Can you describe the aim of your research in 15 words or less?
To solve the mysteries of idiopathic pulmonary fibrosis (IPF) and find a potential cure.
What have you discovered in this area so far?
In my latest study, my team and I employed a comprehensive, size-based classification approach to assess normal and IPF arteries, and we provided data on absolute counts against a cohort of normal healthy controls. In addition, we analysed the thickness of each layer within the arteries and have studied their effects on lung physiological parameters such as FVC, DLCO and smoking history in IPF patients.
Our data implicates that increased deposition of elastin and collagen type I and IV could contribute to the arterial thickness in IPF lungs.

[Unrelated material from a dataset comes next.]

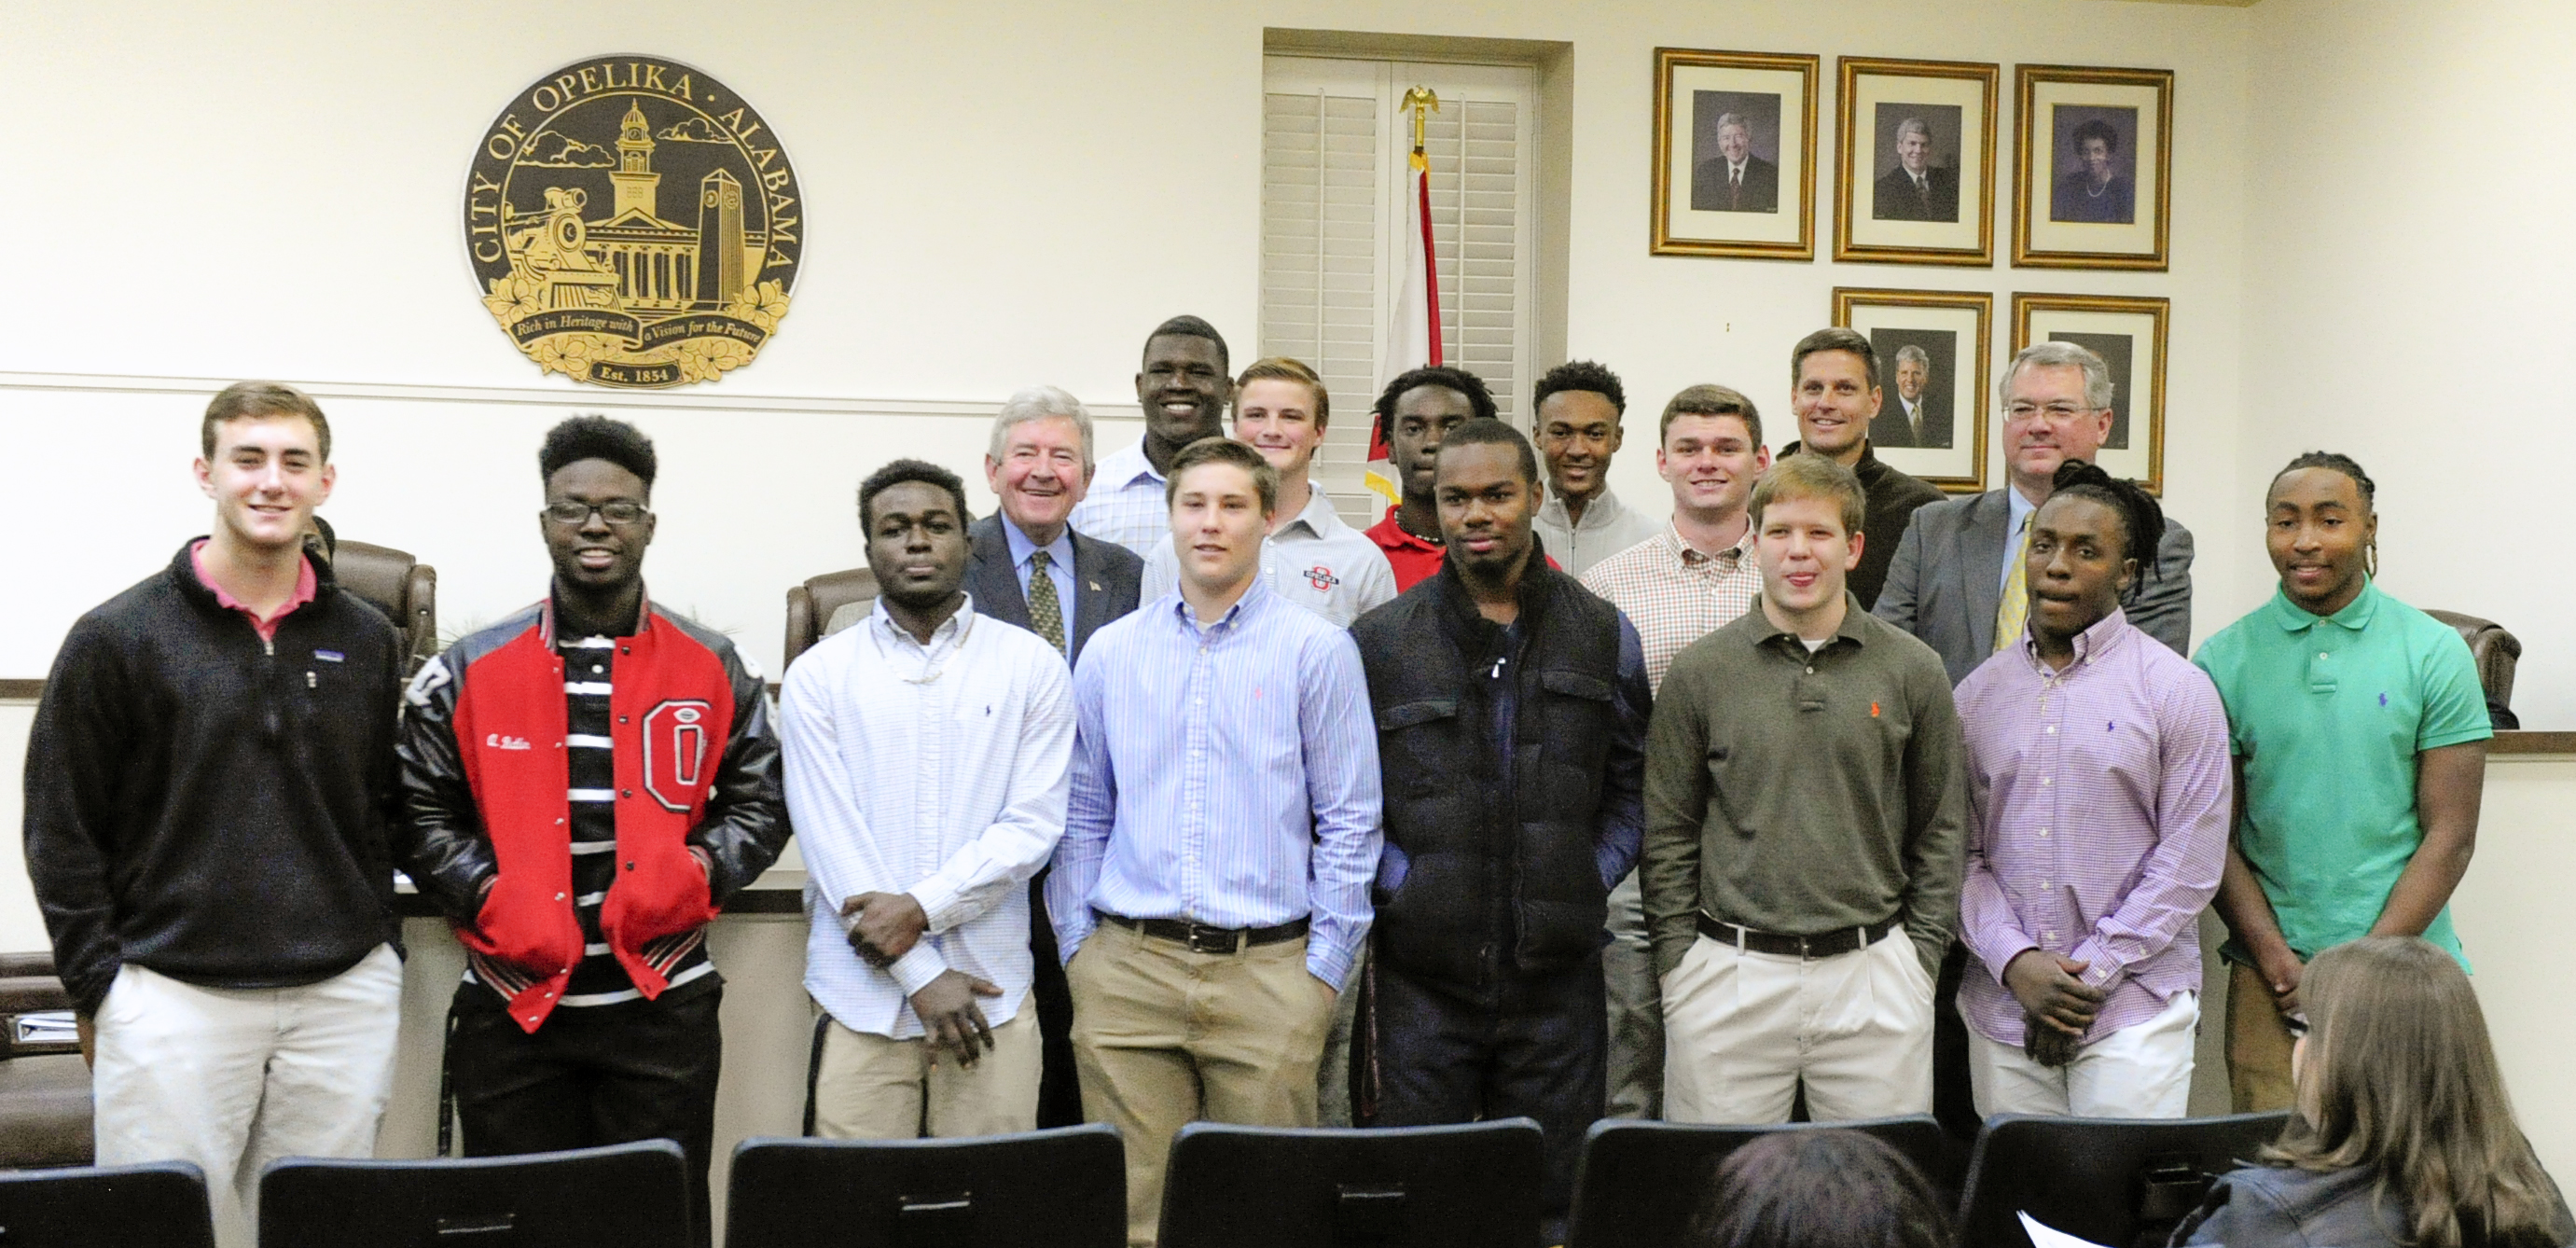 OHS football team recognized at city council meeting

This is the first study demonstrating size-based differences in pulmonary arteries in IPF and their detrimental effect on lung physiology. The process of endothelial to mesenchymal transition (EndMT) appears central to these vascular remodelling changes and a novel therapeutic target for this deadly and complex disease.
EndMT occurs when endothelial cells respond to an external insult or an internal pathological condition, transforming themselves into a more aggressive mesenchymal state, causing irreversible vascular damage or fibrosis. Endothelial cells undergoing EndMT lose endothelial characteristics, such as a change in morphology, loss of vascular endothelial cadherins (VE-cadherins), CD31 and Tie1/2 with subsequent increase in mesenchymal proteins such as N-cadherin, fibroblast specific protein-1 or S100A4, fibronectin, vimentin, SM22-α, calponin and α-smooth muscle actin. As a part of the process, the basement membrane underlying endothelial cells gets disrupted, facilitating the migration of cells. This occurs through active proteolytic degradation of basement membrane collagen by matrix metalloproteinases mediated by the transitioning cells.

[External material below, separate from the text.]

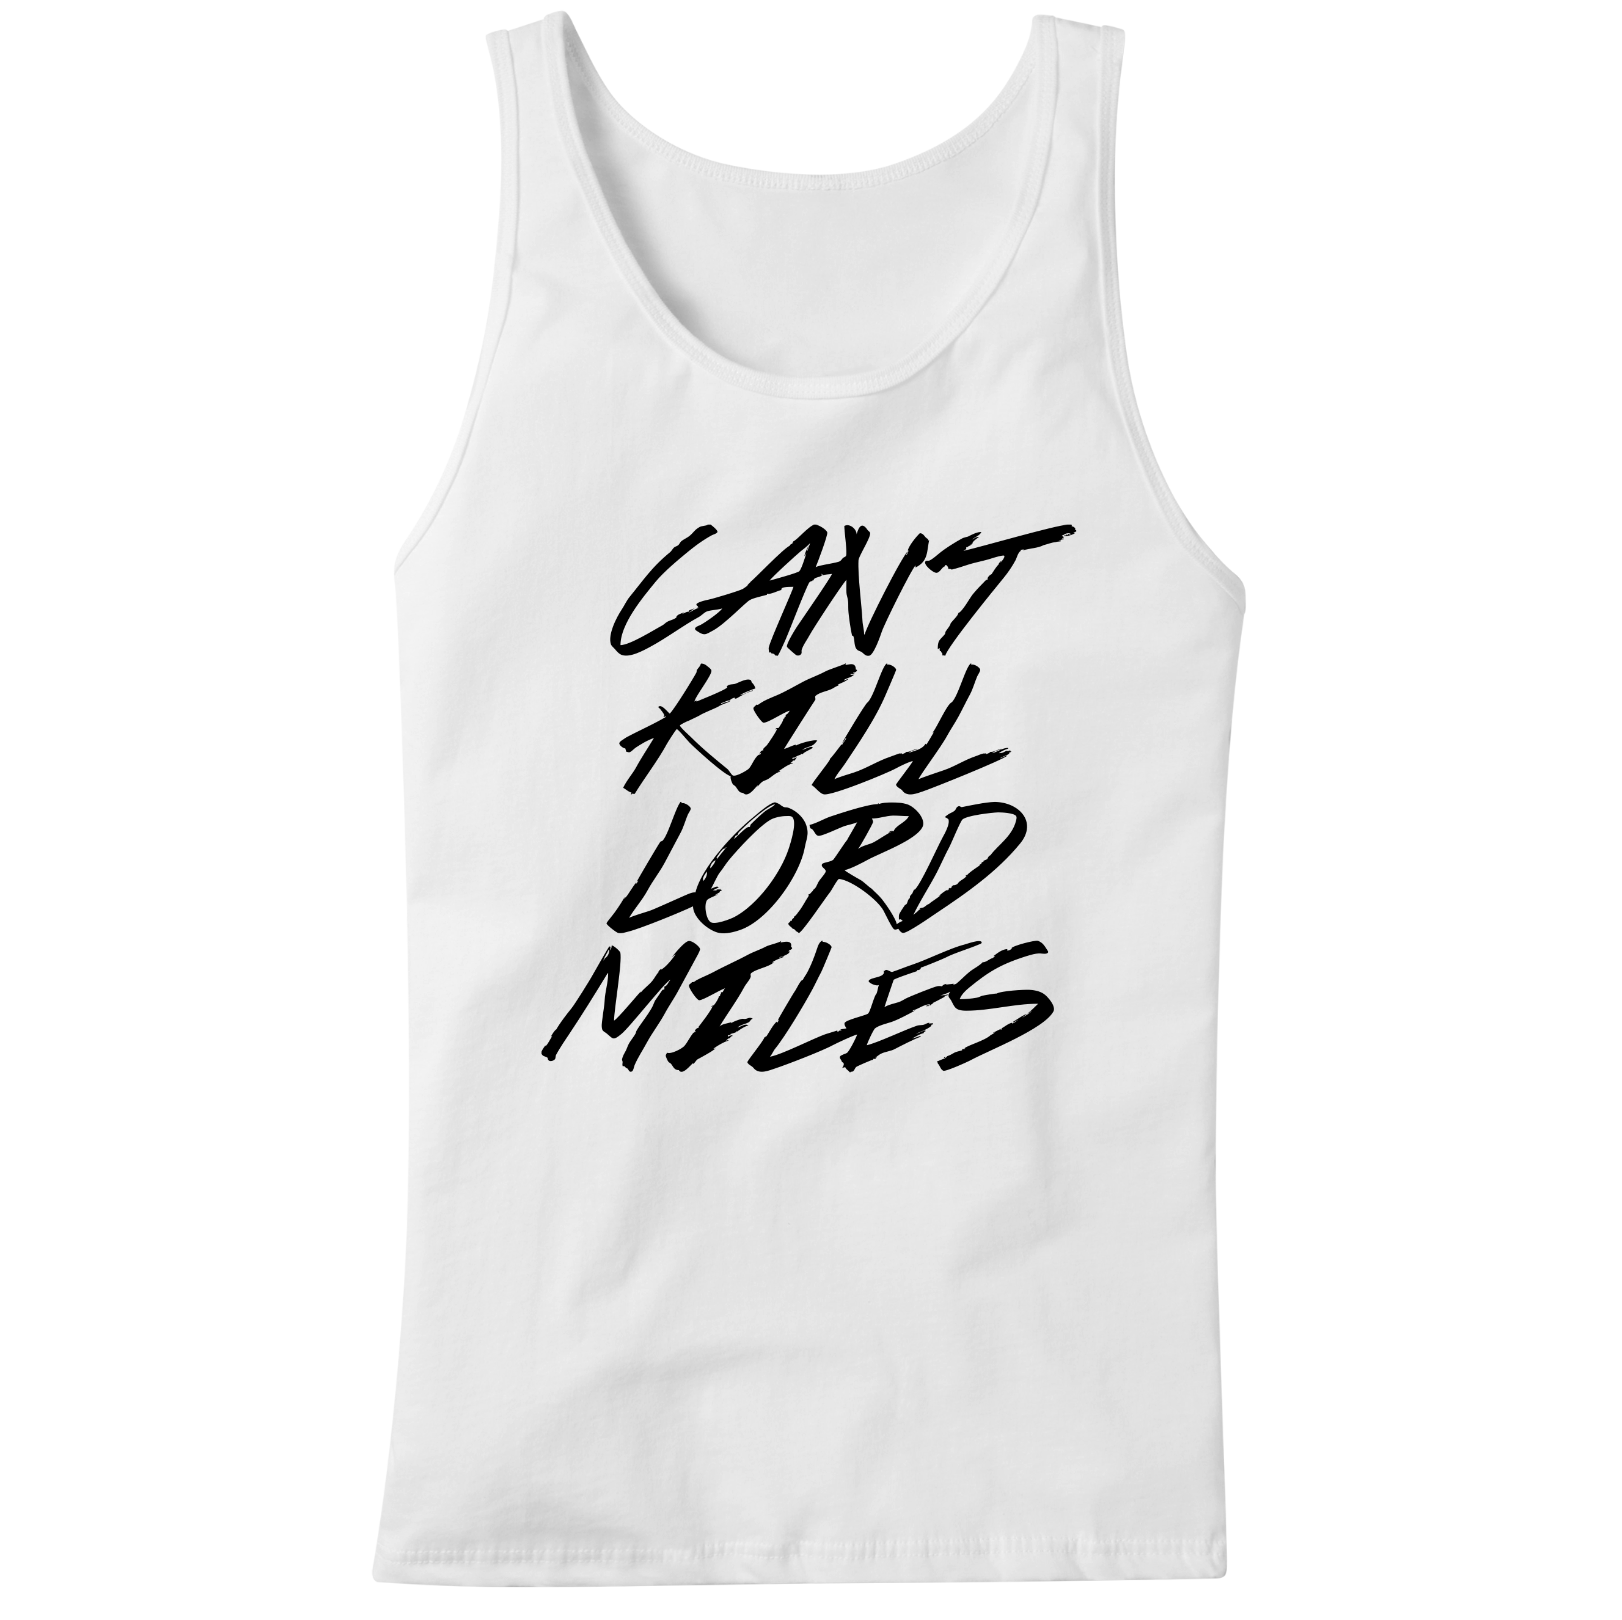 Cant Kill Lord Miles (White) Racerback-2

What is the significance of your study on EndMT as a therapeutic target in IPF?
This study provides an in-depth understanding of vascular changes that contribute to IPF development. It also provides insight into the mechanism driving pulmonary hypertension which is common in patients with IPF. Therapeutic inhibition of EndMT could help prevent pulmonary fibrosis and pulmonary hypertension. Our work will also provide new avenues for early diagnosis of IPF using liquid biopsy.
How long until your work affects patient care?
We have identified this new mechanism which we believe is central to IPF pathology and provides new avenues for treatment. We intend to learn more about EndMT using cell culture and molecular studies and will try to inhibit this process with different molecules. We are keen to follow this up in animal studies for drug testing and then clinical trials once we have identified an appropriate molecule and determined its efficacy. We are looking at a 5-year time scale but a lot of this depends on future funding.
What aspect of your research excites you the most?
The exciting aspect of my research is it allows me to solve scientific mysteries and then help others understand them, too. My research will allow early screening and diagnosis of IPF patients and, hopefully, provide suitable treatment options which will improve their quality of life.
You recently won an American Thoracic Society international scholarship for your work in IPF. Can you tell me more about that?
I won this scholarship for my study on vasculature changes in IPF and their impact on lung function. I provided evidence that EndMT contributes to vascular alteration and IPF pathogenesis.